Her fans sometimes tell her they'd like to be more like her. So, in 2013, she started selling a line of wigs, Wendy Williams Hair World, for $49 to $999. After that came Adorn by Wendy Williams, a line of $60 baubles available on QVC. In January, she announced an apparel line she'll design for the Home Shopping Network. The clothes are based on what she wears on-air-mostly tight blouses and tight skirts-and she plans to promote them using her show. "I'll be wearing them in the streets, too," she says, "because it's a working woman's line." Prices run less than $100 per item, and everything will be available in extra-small and plus sizes.

Last year, when Williams turned 50, she decided she wanted to mount a standup show in Las Vegas. The performance sold out the first night at the Sands Showroom at the Venetian, then two more nights, and now she's planning a national tour. She's played herself on "30 Rock" and had bit parts in "Think Like a Man" and other movies. When she's not hosting or acting, she produces made-for-TV biopics for Lifetime. She's also written seven books; her first romance novel, "Hold Me in Contempt," came out last year.

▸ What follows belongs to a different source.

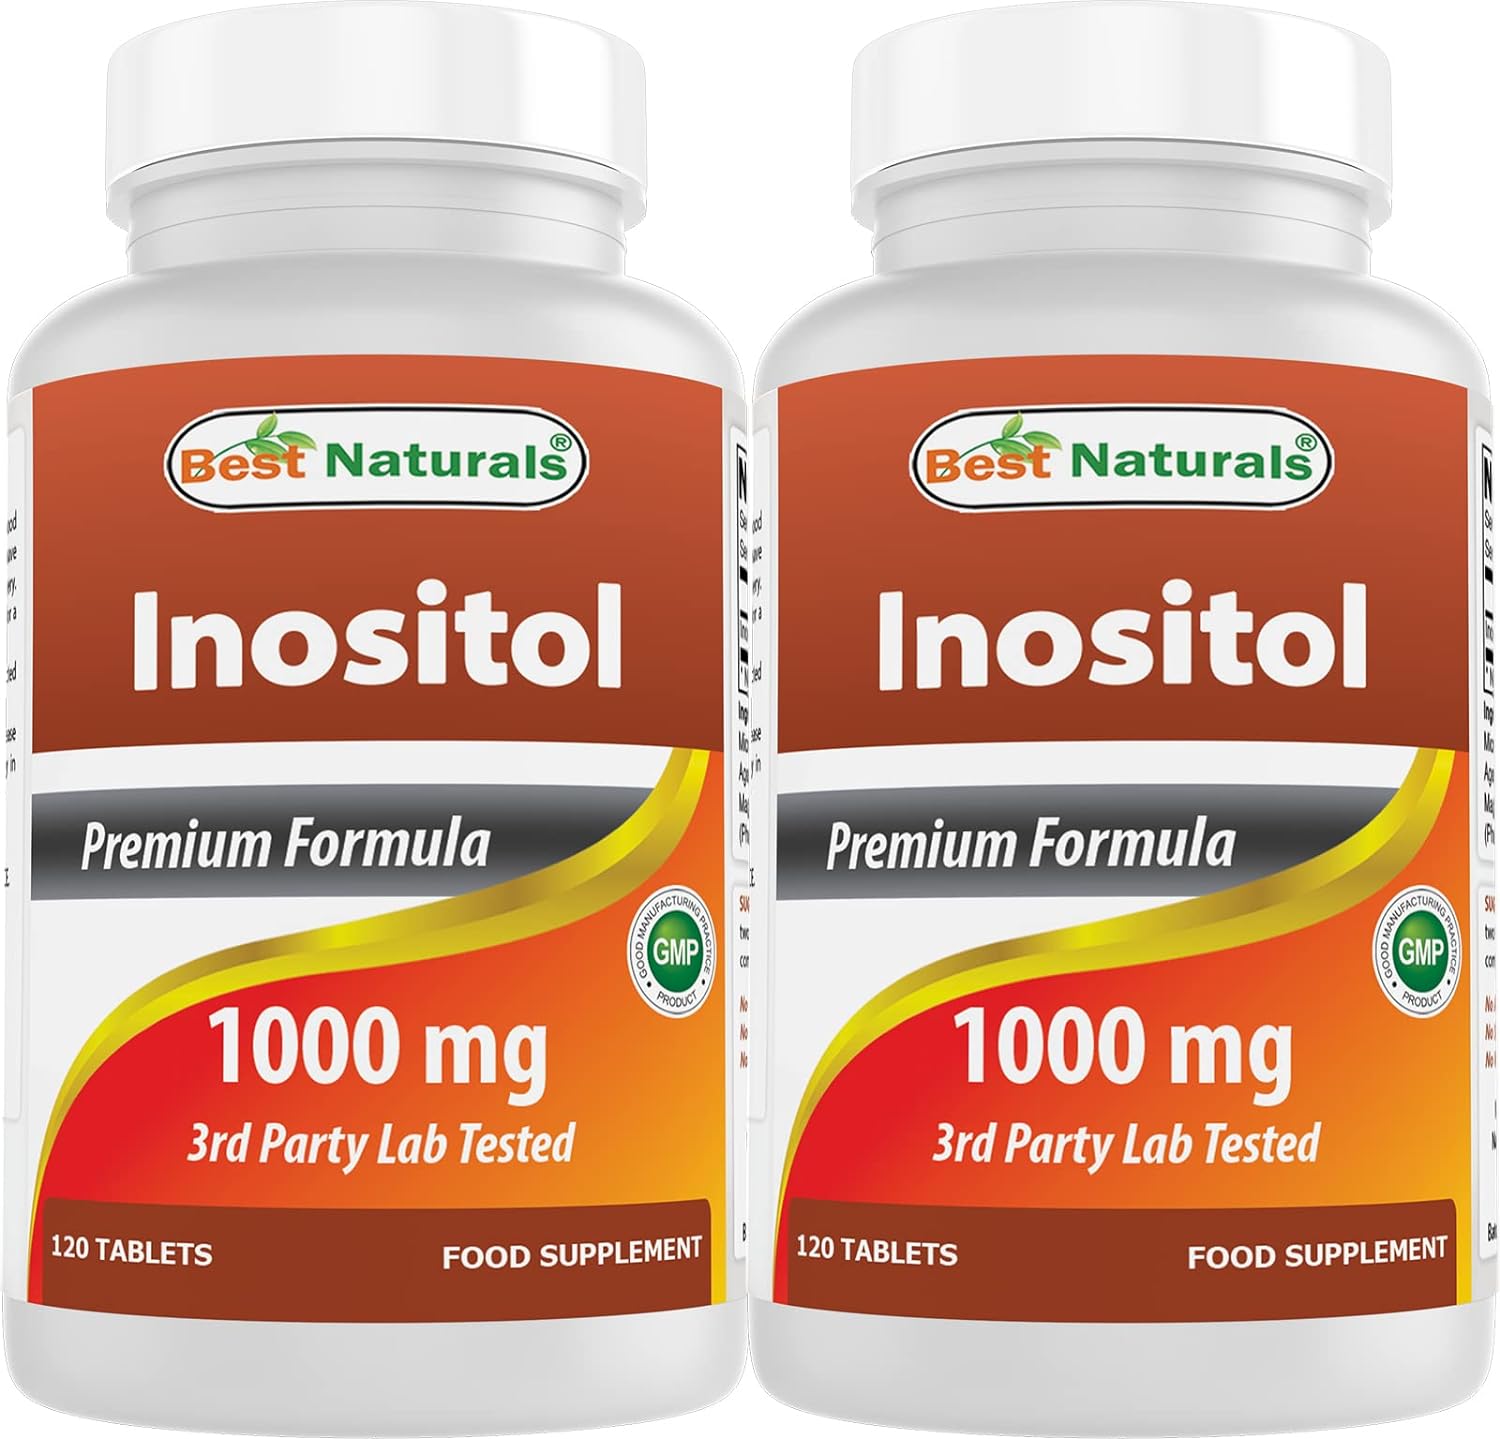 Best Naturals Inositol 1000 mg 120 Tablets (120 Count (Pack of 1)) (120 Count (Pack of 2))
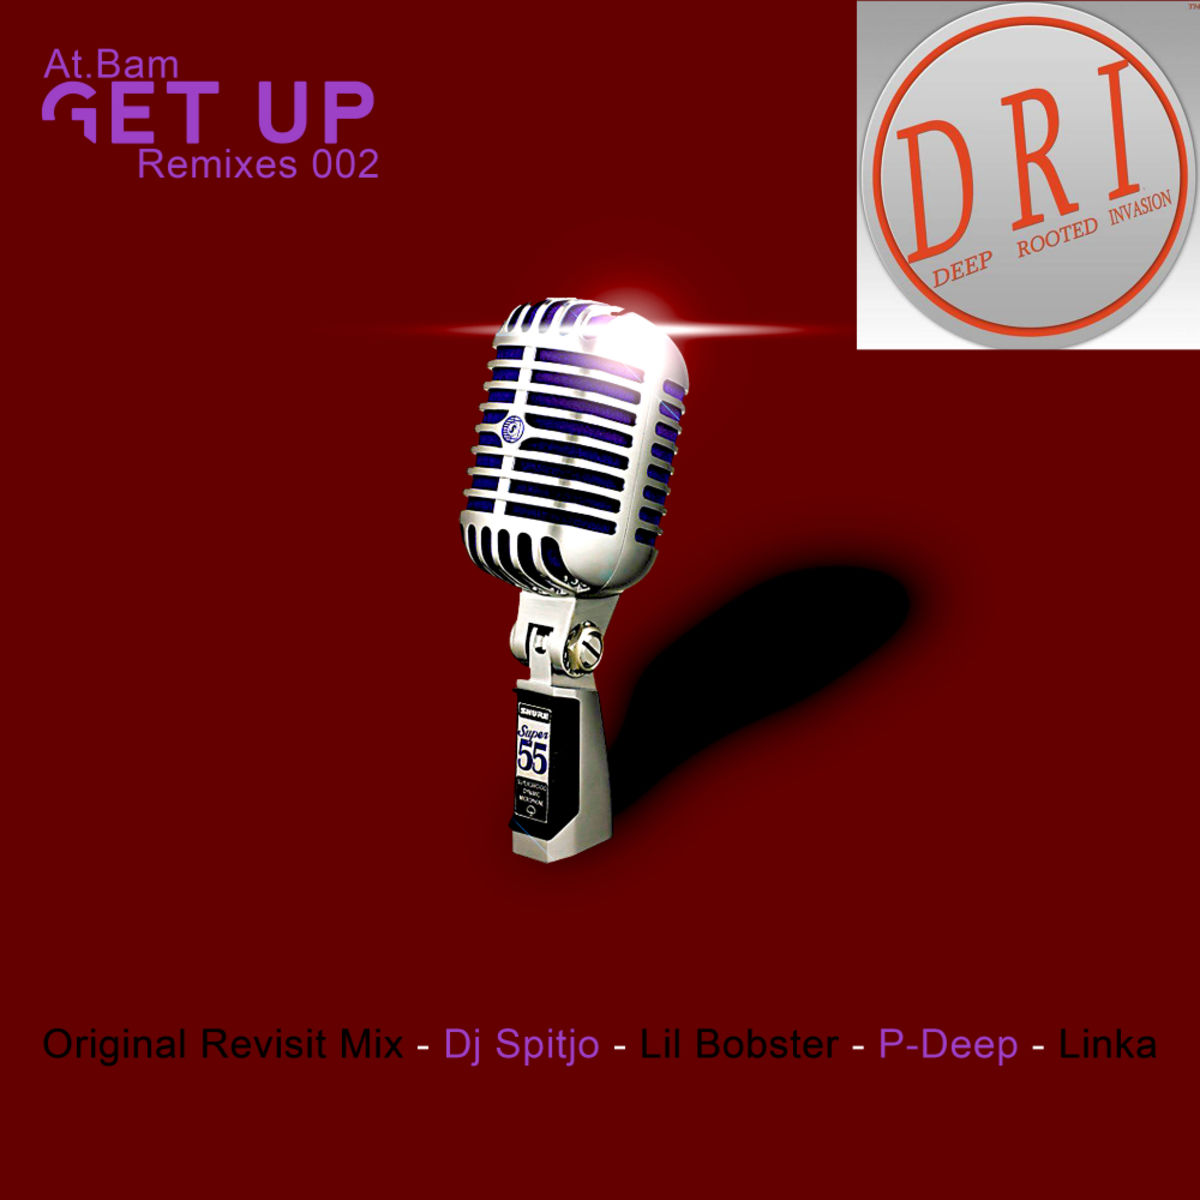 At. Bam - Get Up (Remixes 002) / Deep Rooted Invasion Productions

None of this is meant to be an exit strategy from the show. Williams's contract goes through 2017. Late in January she celebrated her 1,000th episode, but she still mentions her six- week audition often on-air. Before a recent episode, she learned that Rosie Perez, one of the new hosts on ABC's "The View," might lose her contract after her own brief trial. That day during Hot Topics, she had a rare confrontation with her audience. "I feel as though you all are not giving us a chance anymore to prove ourselves," she began. "Sometimes people need a moment to find a voice and get into their groove." She gestured toward her massive wig. "Case in point."

She paused, then lifted her head and flashed a gigantic grin. "Let's move on and talk about Mariah Carey!"